Davies, of NatureWorks, said the best thing to do with used PLA bottles, from an economic and environmental perspective, was usually to recycle them, even though they might be compostable.
"That's one of the most promising things about PLA," said Brenda Platt, director of the sustainable plastics initiative for the Institute for Local Self Reliance, an organization that promotes environmentally sound and equitable community development. "It can be chemically recycled back into lactic acid. So just like with glass and metal, those materials can be recycled over and over again."
Across the entire U.S. economy, however, so-called closed-loop recycling, in which used PLA is endlessly recycled into new products, is perhaps 20 years away, Platt said.
It is a chicken-or-egg problem: Because PLA represents a tiny percentage of the total plastics market, traditional recycling plants lack the equipment needed to manage it; conversely, there is no financial incentive to invest in recycling PLA until the available material reaches a critical mass.
"Right now, if a PLA bottle ends up in a recycling facility, it's either going to be rejected and end up in a landfill, or it is going to be a contaminant in PET recycling," Platt said, referring to polyethylene terephthalate, the material used in most plastic bottles. Contaminated bales of PET plastics are not recycled.
For this reason, the Institute for Local Self Reliance says that it is best to avoid the widespread distribution of products marketed as green or sustainable when there is little chance that they will be either recycled or composted. Compostable is a misnomer in a country where only a handful of cities have curbside compost pickup, said Platt, of the institute.
Davies, of NatureWorks, agreed. If consumers see a product labeled compostable, "they'll think, 'oh, I can flip it out the car window and it will disappear on the side of the road,' and it absolutely won't," he said.
Davies said that responsible labeling is essential. He also advocates fitting infrared scanning technology at recycling facilities to identify and separate bioplastics from conventional materials.
But, Platt said, that proposal is utopian. The technology is expensive, and out of reach for the 400 to 500 recycling facilities in the United States, most of which sort plastics by hand.
Robert Reed, public relations manager for Norcal Waste Systems, a solid-waste company based in San Francisco, agreed. Norcal, which runs comprehensive recycling and composting programs, employs workers to sort and separate different materials. Germany, Switzerland and Sweden require manufacturers to prominently mark products that are compostable, and U.S. manufacturers should do the same, Reed said.

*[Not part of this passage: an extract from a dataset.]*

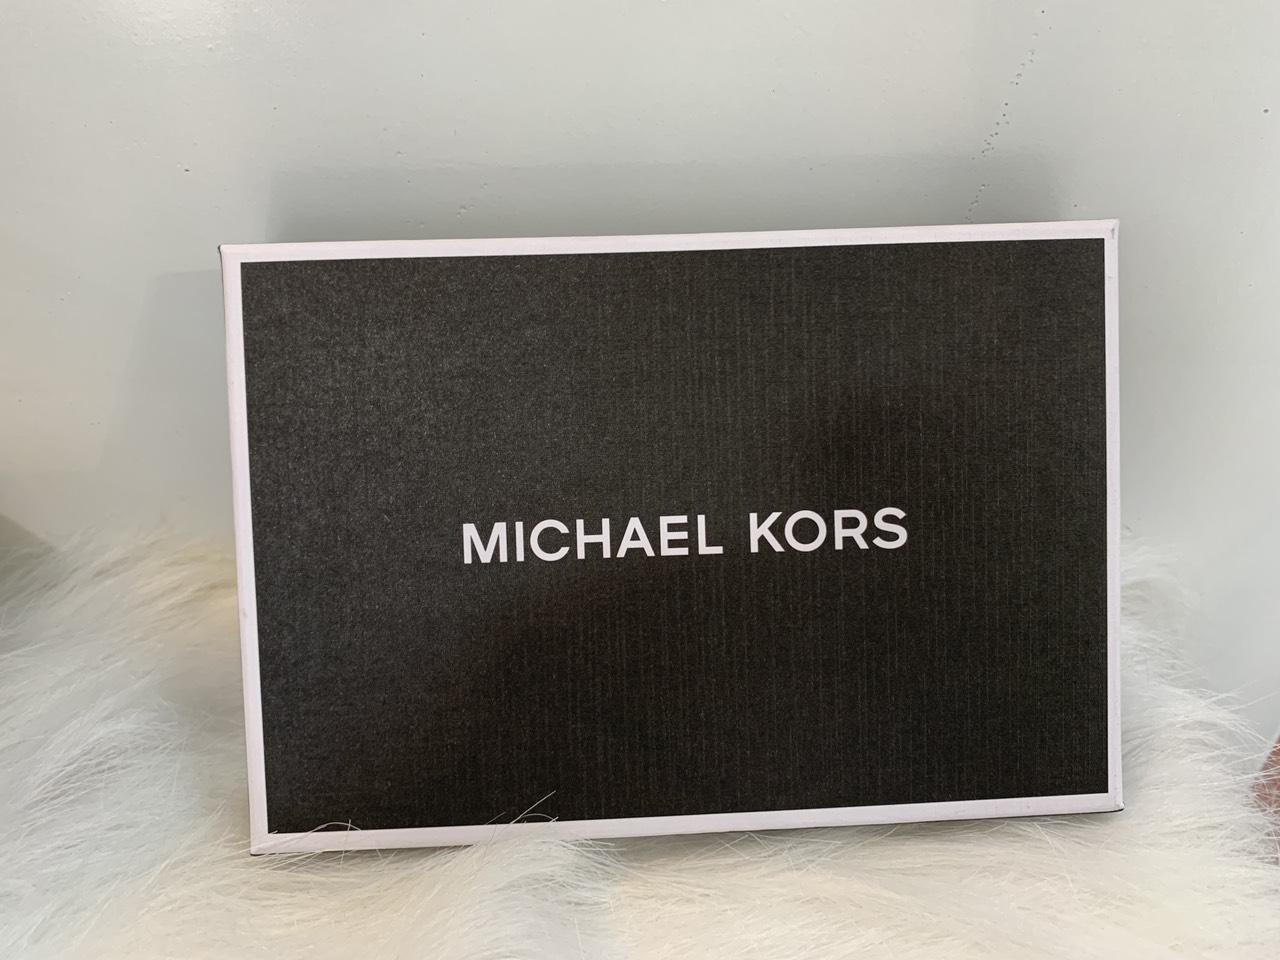 Michael Kors gấp GIFTING SLIM BILL W KEY BOX SET LEATHER- NAVY vi michael kors nam  gap mini danh cho nam

If manufacturers do not take responsibility for easy sorting, the problem is just pushed to someone further down the line, he said. "If you're going to take a step, take a step. Don't take a half-step."
Platt said her institute wanted pilot studies on products in closed venues, where end-of-life solutions can be developed under controlled conditions and then scaled up.
But ultimately, she said, bioplastics are part of an "intermediate economy." When consumers finally recognize the value of materials, they will reject throw-away solutions in favor of more durable and reusable products, she said.